INVESTMENT ANALYSIS: Skype is being valued on scarcity, not potential.

Skype…anything at the end of the rainbow?

Before you fall for Skype’s valuation, look carefully at the numbers.

Having been bought by Ebay and then partially sold to a consortium, Skype yesterday announced that it will launch an IPO on Nasdaq some time later this year.

That doesn’t look good to me: big company buys fledgling co with razzmatazz, then fairly swiftly gets a consortium to cough up money….then even more swiftly asks the public to put hands in pockets. That spells hot potato more than hot number.

On the surface, things looke good for Skype. It has 560 million registered users and continues to grow – at around 30% annual moving: it added 86 million in the first six months of 2010. The Boston Globe last May said the number of registered users could nearly double to 1 billion by 2015. Ebay hopes that half of Skype’s registered users by that time will be business customers, who bring in 20 percent to 30 percent more revenue on average than consumers. The company began testing group video-conferencing two months ago, as part of its push for corporate business.

Further, Skype isn’t one of those dotcoms that’s all talk and no profit. It’s totted up $116 million of margin this year on $716M of revenue, and this figure could grow rapidly if the company succeeds in cracking the lucrative corporate market.

But there are worrying things in the usage data. While Skype aims to hit a billion users by 2015, thus far well over 90% of them are very infrequent or completely lapsed Skypers. The company says it has 40 million actives, but the tecchie buzz is that the figure is closer to 34 million.

Even that may be too high. A little known fact about Skype is that is asks you to register a new account every time you switch to new/other pc/coms hardware. That strikes me as an odd thing to do.

There’s also something more than concerning about the ownership consortium’s valuation. With an estimated 2011 revenue of $1 billion, the company looks to be worth more than $5 billion. All the new owners have done is clarify some copyright issues with Skype’s founders, and tweak its software.

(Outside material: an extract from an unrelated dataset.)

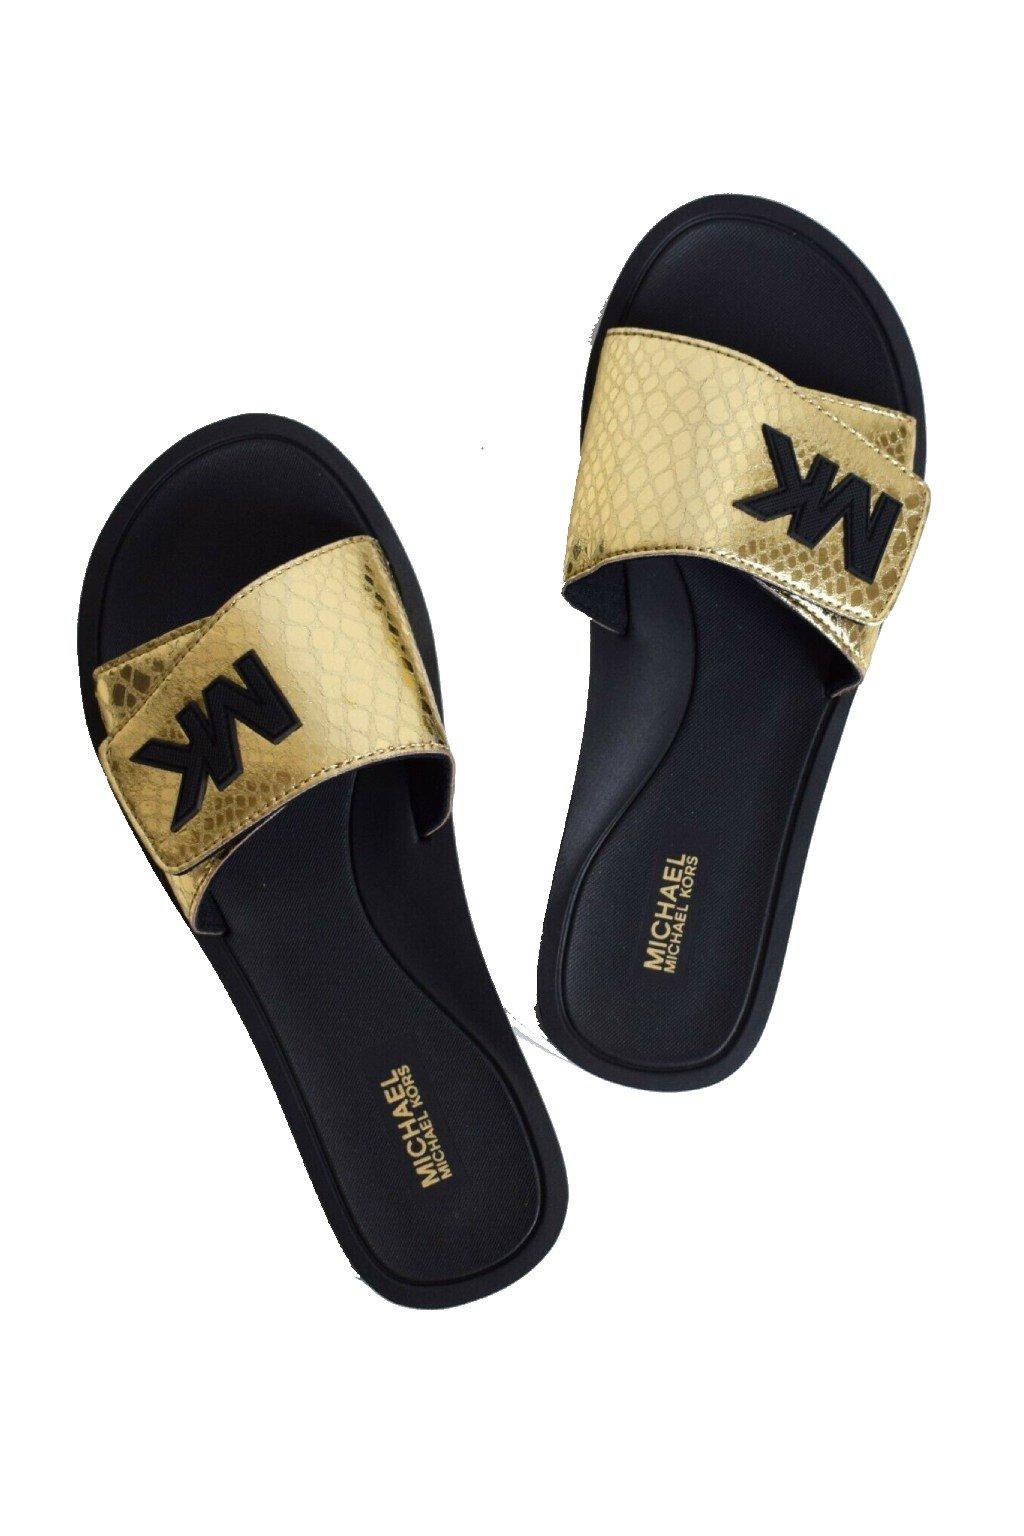 Cerno zlate pantofle Michael Kors kozene pantofle damske Michael Kors nazouvaky Calvin Klein Brno Michael kors zabky pantofle replay slevovy kod zalando Luxusni pantofle Hermes nadherne damske pantofle erikafashion (1)
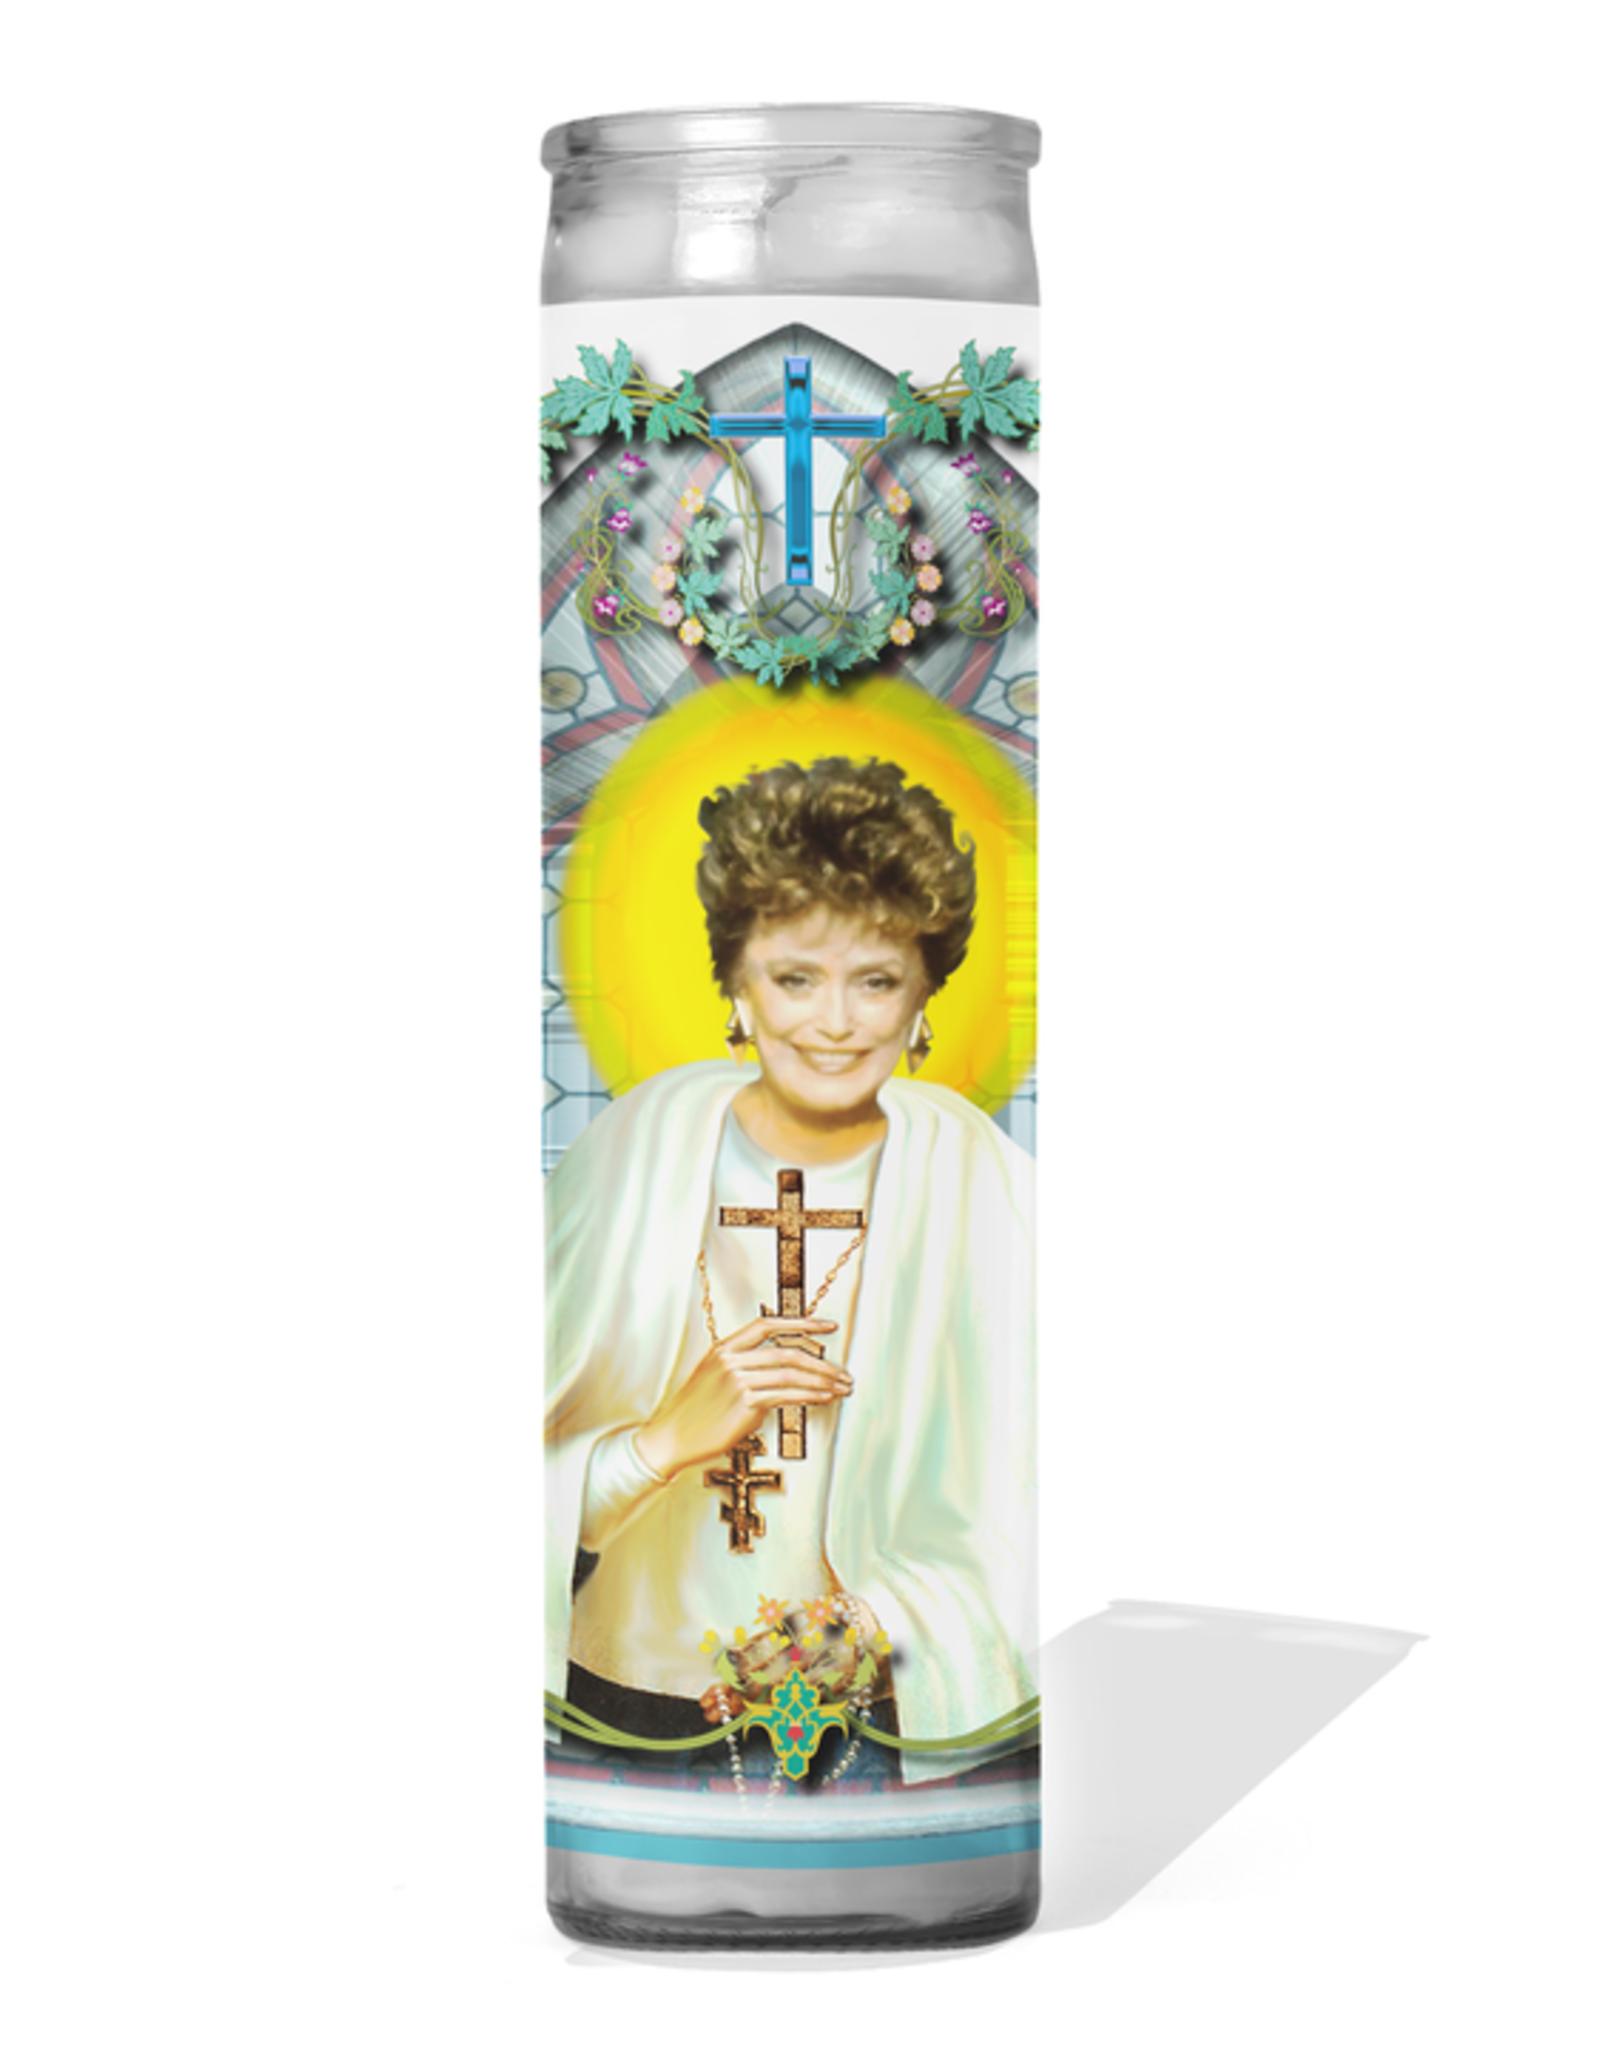 Calm Down Caren Blanche Prayer Candle

They paid just $2.75 billion at purchase in 2009. Feels like a quick Buck to me – and it would involve using the same multiples as those for valuing Google. That’s bonkers – especially as a recent tecchie thread evoked one regular response: “Google voice is a better alternative to Skype”.

Last but not least, as a marketing man at heart (and a Skype user) there is a real problem with the positioning and future potential of the service. In its early years, it was pretty steam-driven and unreliable. And for many uses, it still involves, basically, the process of one land line ringing another and hoping the person’s in. Mobile usage is obviously there now, but it’s not free.

My guess is that a huge proportion of core usership is older generation family users calling the new generation on the other side of the globe. Outside of this, my personal use of the system has almost entirely lapsed…and the stats support this as being normal.

It can transfer data free, and of course ‘minute-watching’ on expensive calls was always a bind. But that market is changing rapidly now – and not in ways that benefit Skype. Other systems have caught up, and tariffs are coming down.

Getting a straight answer to ‘What is it?’ from Ebay has become increasingly difficult. It’s for families, it’s for data, it’s for video-conferencing….it’s Superskype. I don’t think so.

But the IPO’s sponsors may well get away with it, largely due to the scarcity value of Silicon Valley launches these days – and also because the offering itself ($100M) is not exactly Major League. Some commentators are confidently predicting a scramble for shares, and thus a rapid rise in price.

My bet is that if things are still the right way up later this year (which I doubt) some smart money will hitch onto the rocket….and then quickly sell again. And if things are tits up, tiny or not the offering isn’t going to have much appeal.

Less superficially, The Slog thinks any serious investor will be buying a pup. I think Skype is a 21st century CB Radio: a tiny minority activity which will make us nostalgic in the future – in a giggly sort of way.